Originally published in the Rio Rancho Observer
Save the puppies, free the market
PETA, the ASPCA and the Humane Society are organizations well-known for animal advocacy and have led the way in raising public awareness regarding the treatment of animals in fashion, product testing, meat consumption and pet welfare. Because of these campaigns, it’s now socially unacceptable to wear fur, use animal-tested products and consume caged and/or genetically-engineered animals. “Animal Welfare Approved,” “Certified Humane” and “Leaping Bunny” are third-party certifications coveted by humane business owners.
These programs didn’t evolve because of legislative regulations, but because of consumer regulation: a unique characteristic of the free market. Consumer regulation has proven to be more effective in keeping unsavory business practices at bay.

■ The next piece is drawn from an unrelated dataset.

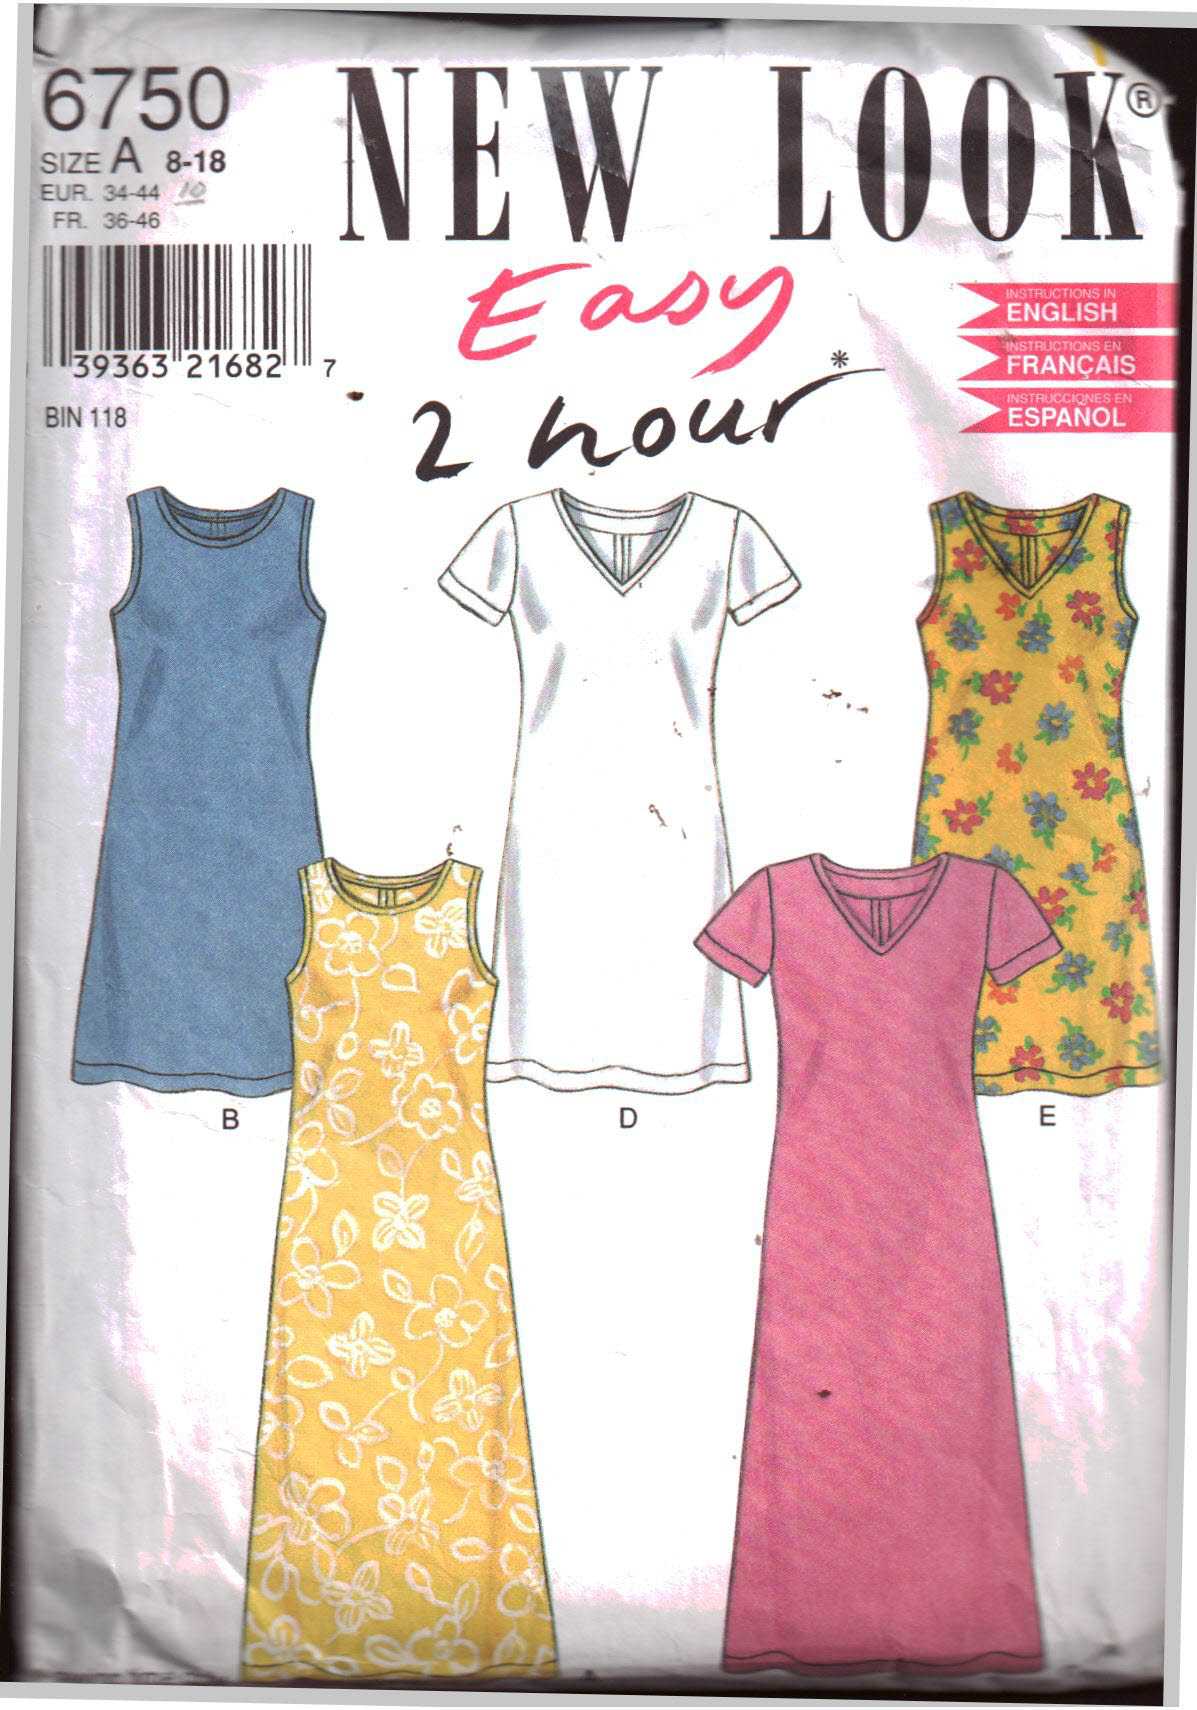 New Look 6750 Dress Size: A 8-18 Used Sewing Pattern
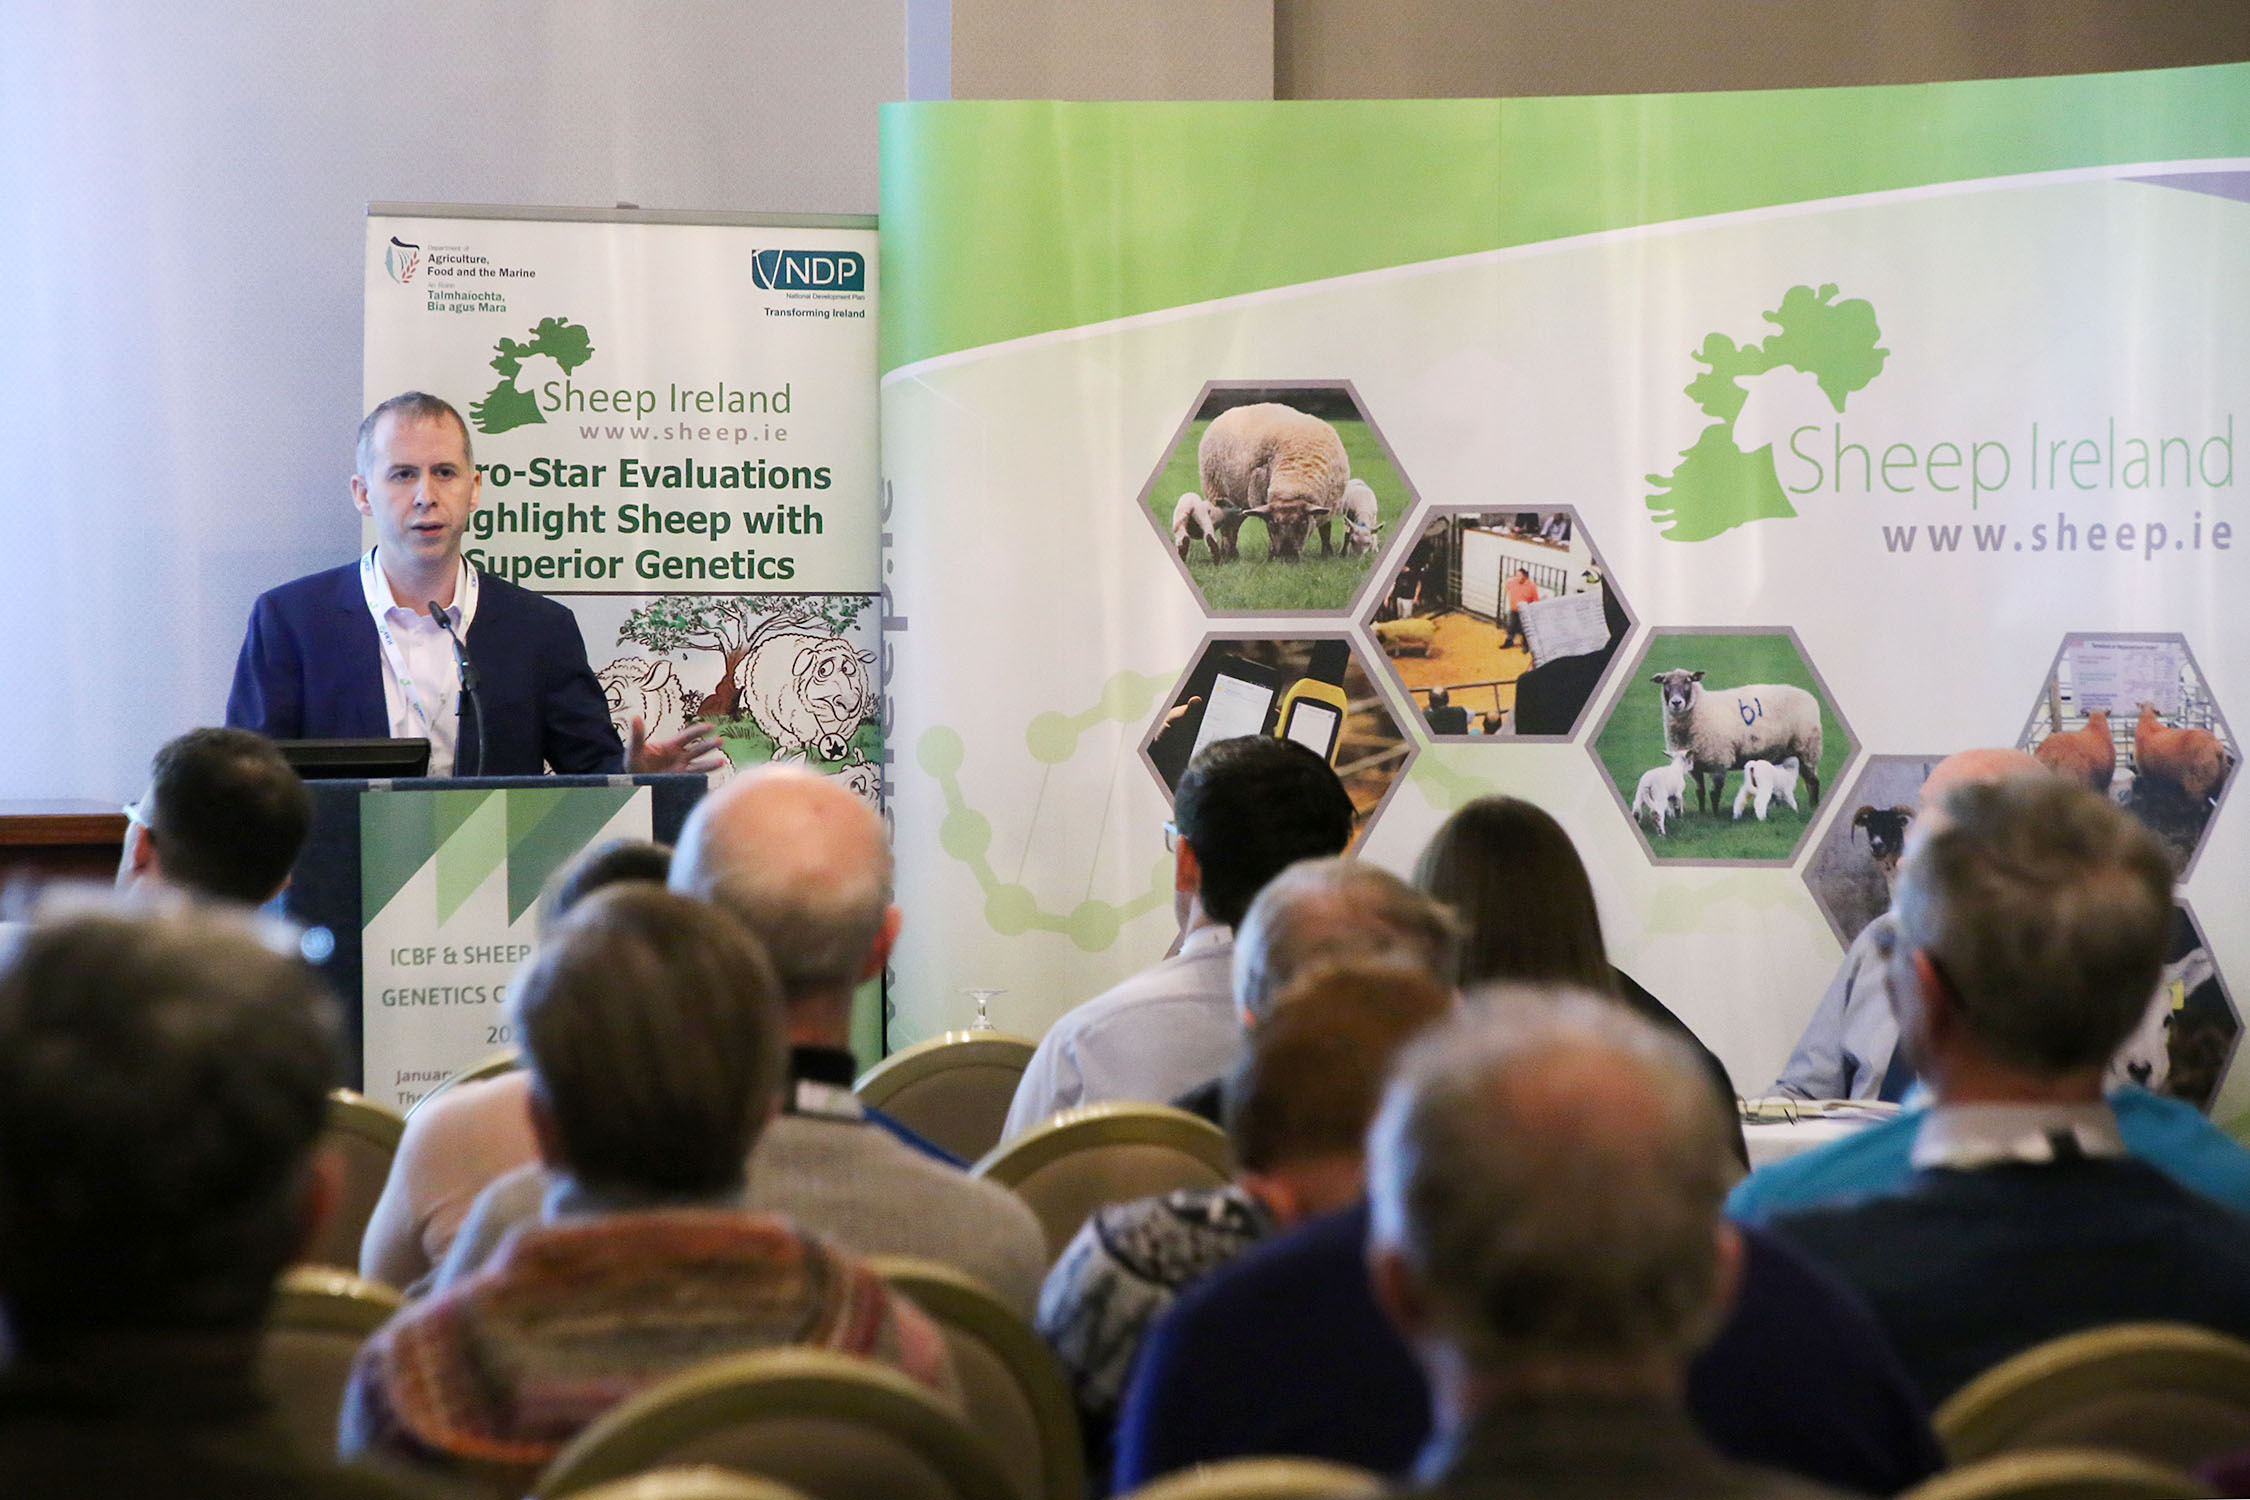 You are currently viewing “How can twins have completely different genetics?” Dr. Donagh Berry, Teagasc

Prohibitionist laws only handicap those who’re neither inclined nor determined to commit the behavior the law is intended to curtail. In other words, banning the sale of animals in pet stores only stops those who wouldn’t sell inhumanely-treated animals; those who would will find another venue, usually the black market where more cruelty takes place.
One opponent of this change stated that, “Just because you don’t see (cruelty) doesn’t mean it’s not there.” I agree, adding that just because you don’t see the sale of puppy mill puppies in pet stores, doesn’t mean that sale isn’t taking place.
Bans end the conversation, creating ignorant consumers rather than educated and informed consumers. I would hope that a hallmark of the City of Vision is that consumers here are informed and educated rather than ignorant, something only the free market can do.